In early 1943, J. Robert Oppenheimer, the newly named director of the as-yet-unbuilt nuclear weapons design laboratory at Los Alamos, had to recruit a scientific staff for a purpose he could not disclose, at a place he could not specify, for a period he could not predict. Adding to these ambiguities was that of the status of the staff - Brig. Gen.
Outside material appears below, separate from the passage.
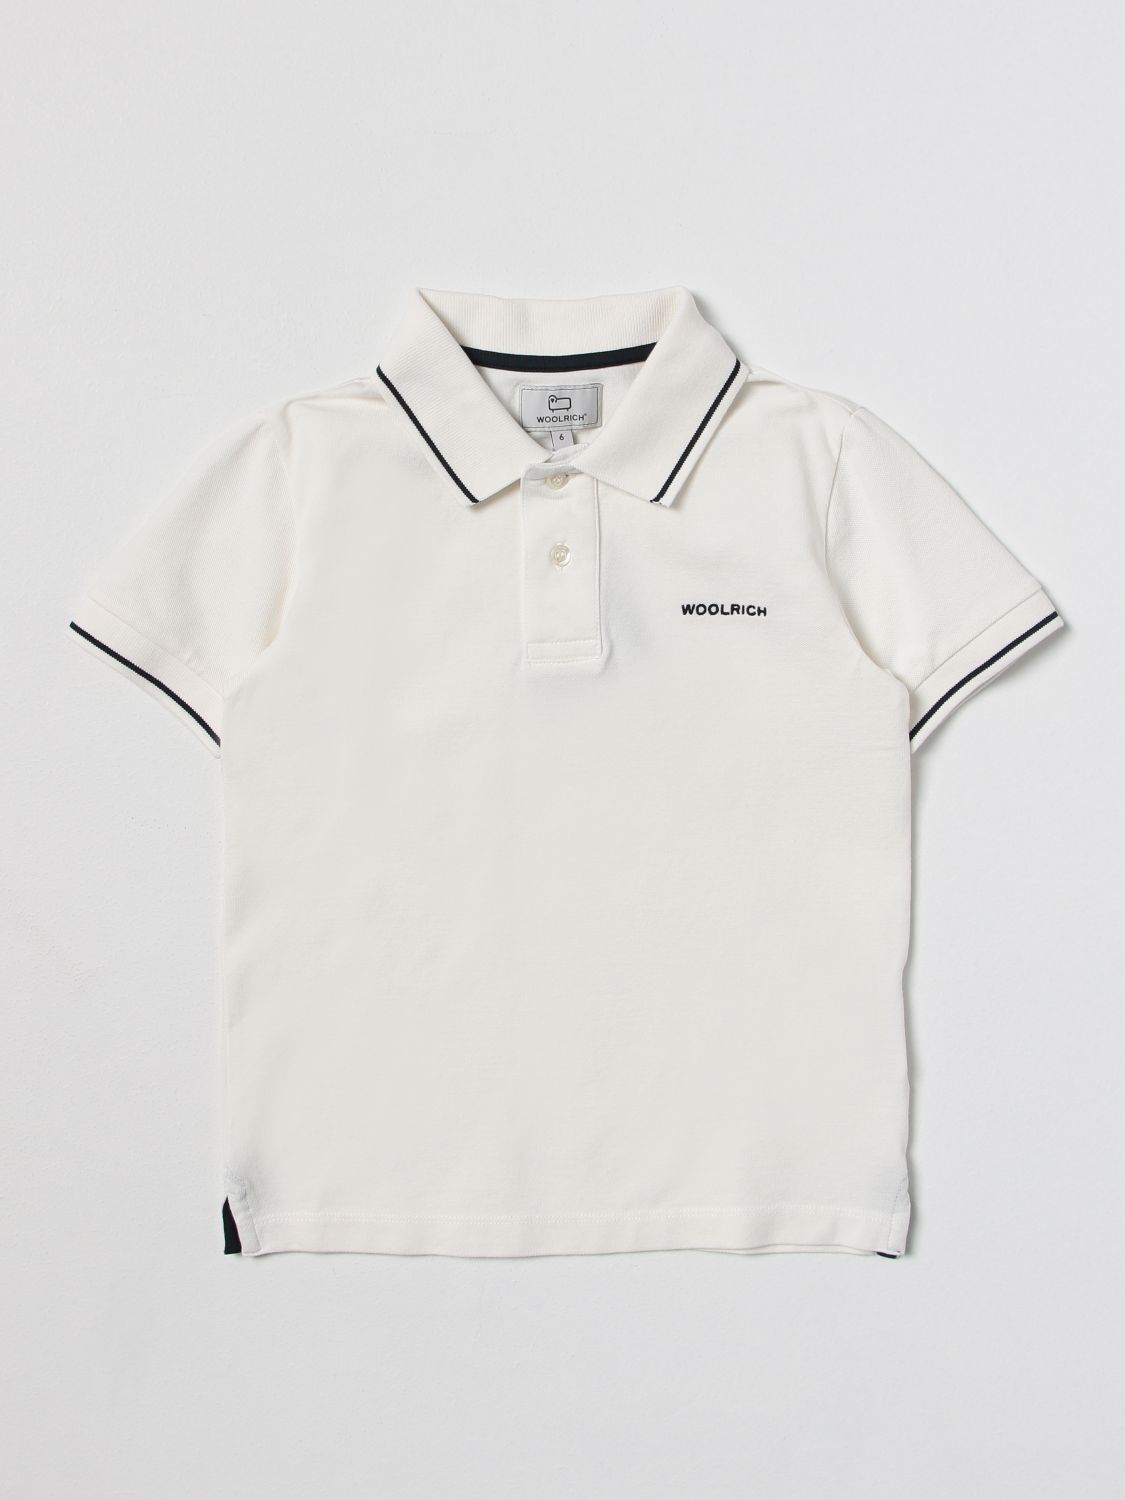 WOOLRICH POLO SHIRT WOOLRICH KIDS COLOR WHITE,379235001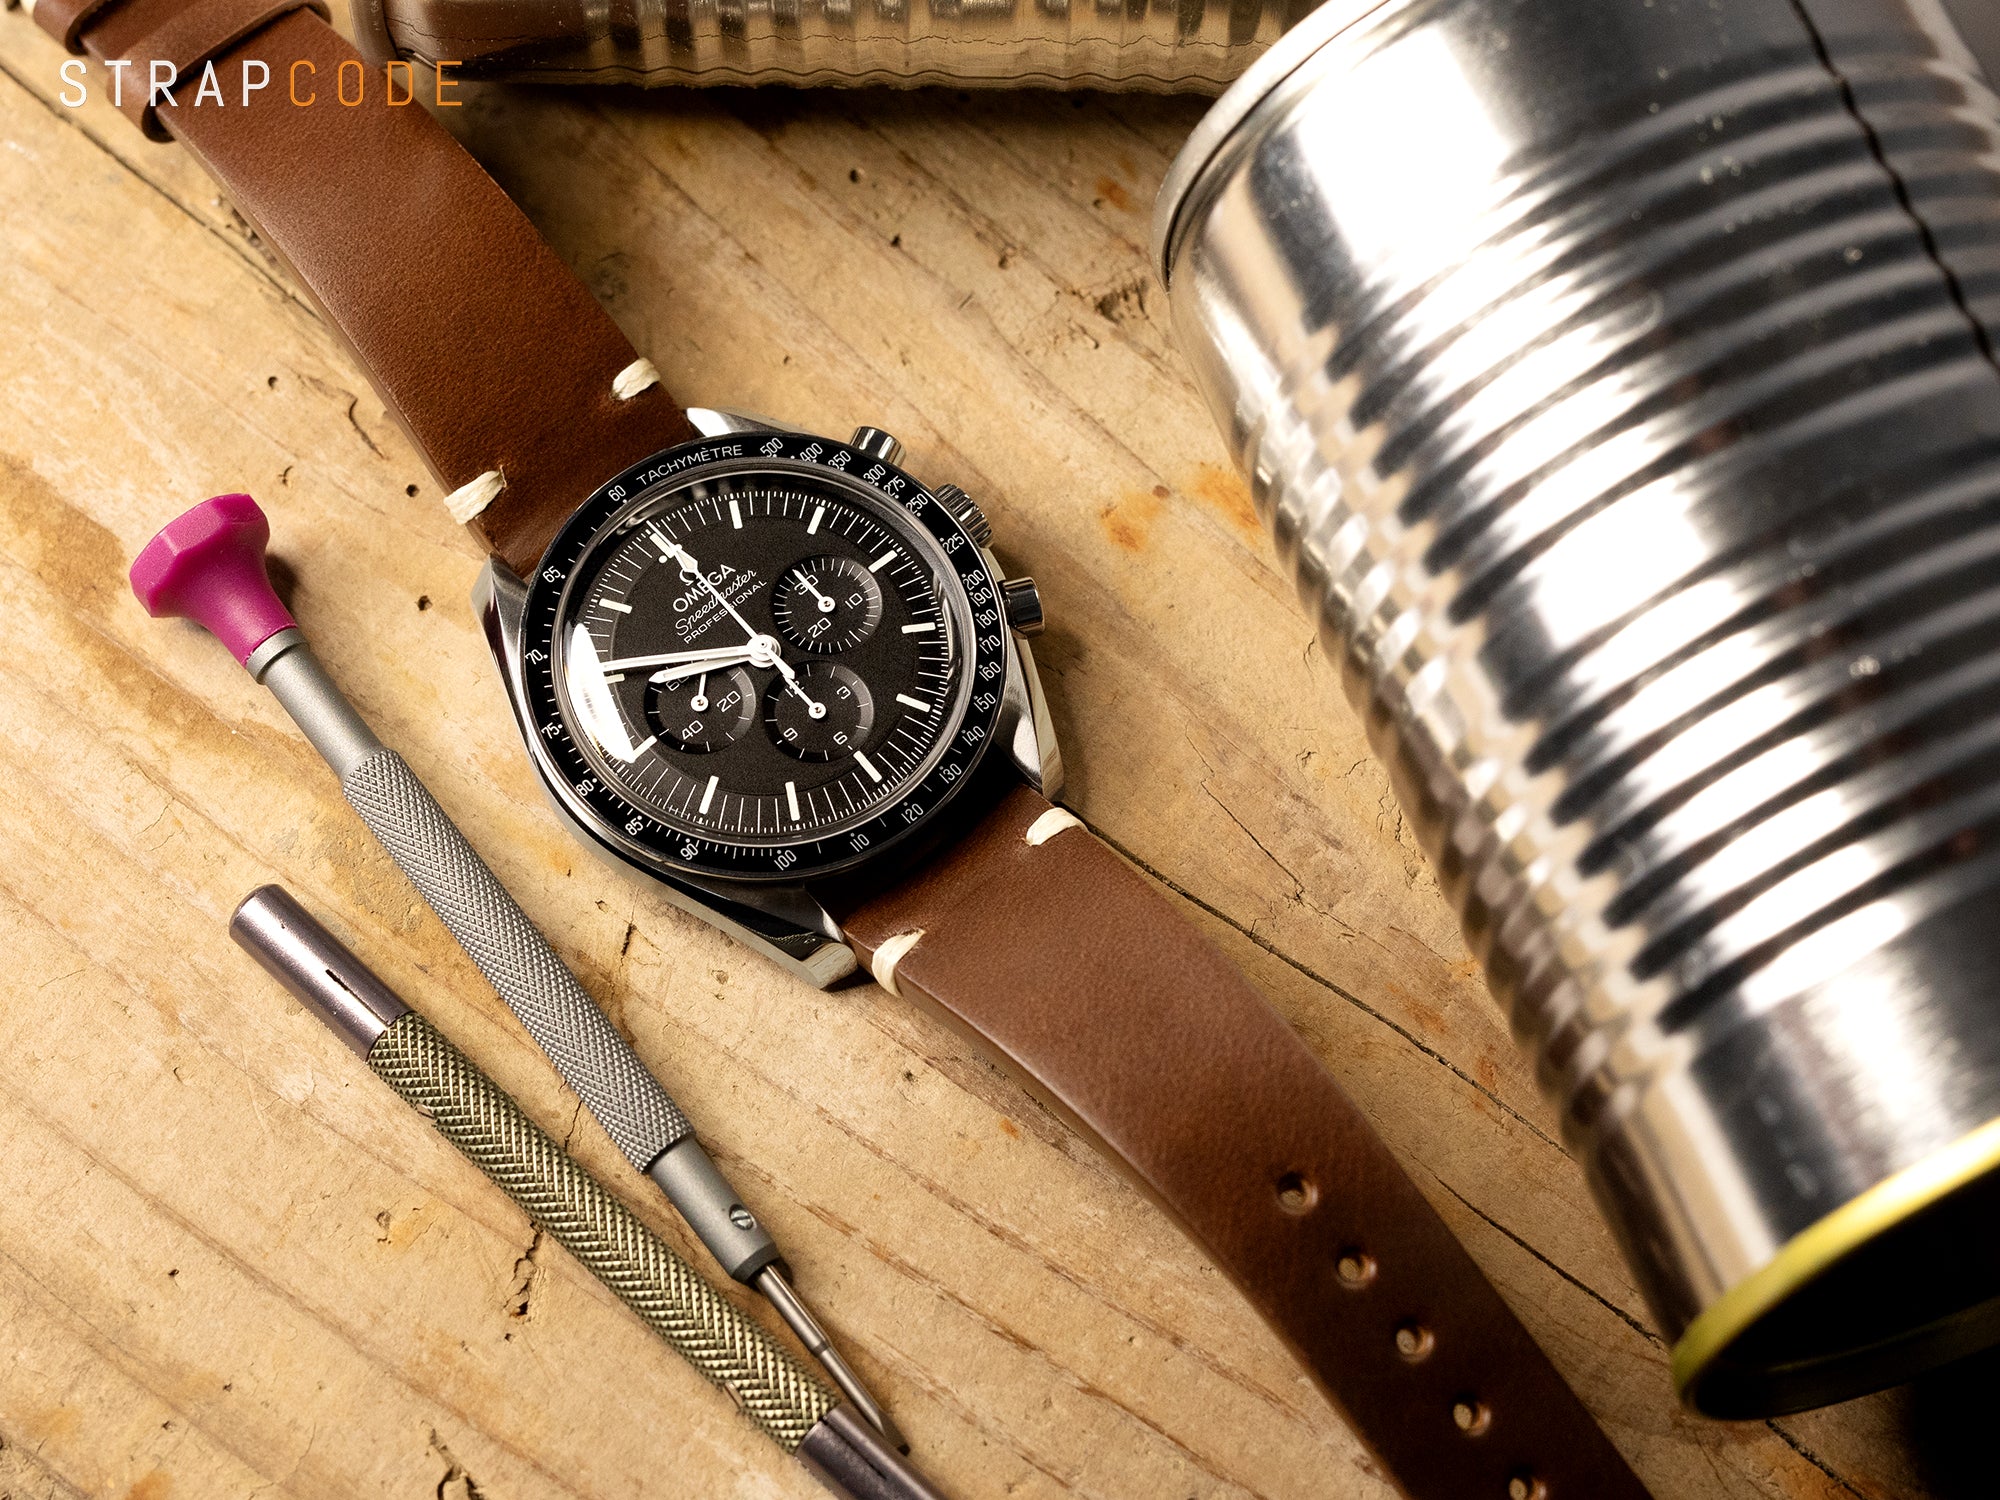 Horween leather strap is one of the most classy presentations of Omega Speedmaster

Leslie Groves wanted a military laboratory where scientists served in uniform, a stipulation to which Oppenheimer originally agreed.

Most of the scientists who had been recruited to work on defense projects, however, worked for universities under contract to the Office of Scientific Research and Development (OSRD) and they were reluctant to don uniforms.

Another difficulty arose from the fact that many nuclear physicists had already been absorbed by the Radiation Laboratory at the Massachusetts Institute of Technology, which was developing radar; the Metallurgical Laboratory at the University of Chicago, which was working on ways of producing and purifying the new element plutonium that was expected to be one of the nuclear explosives; and Ernest Lawrence's electromagnetic uranium isotope separation project at the University of California Radiation Laboratory in Berkeley.

The teams that had been working on the measurement of nuclear constants and theoretical calculations at scattered university sites under Oppenheimer's direction would form the nucleus of the new laboratory. But it soon became clear that this was not enough. With Robert Serber, who had returned to the University of California to help Oppenheimer with the theoretical calculations, Oppenheimer discussed "whom it might be lovely to have in the team and how one man's brilliance might mobilize another's rather more pedestrian abilities," Oppenheimer's secretary, Priscilla Duffield, recalled. Oppenheimer wrote James Conant, the head of the National Defense Research Committee (NDRC), at the end of November 1942, "The job we have to do will not be possible without personnel substantially greater than we now have available, and I should only be misleading you and all others concerned with the É project if I were to promise to get the work done without this help."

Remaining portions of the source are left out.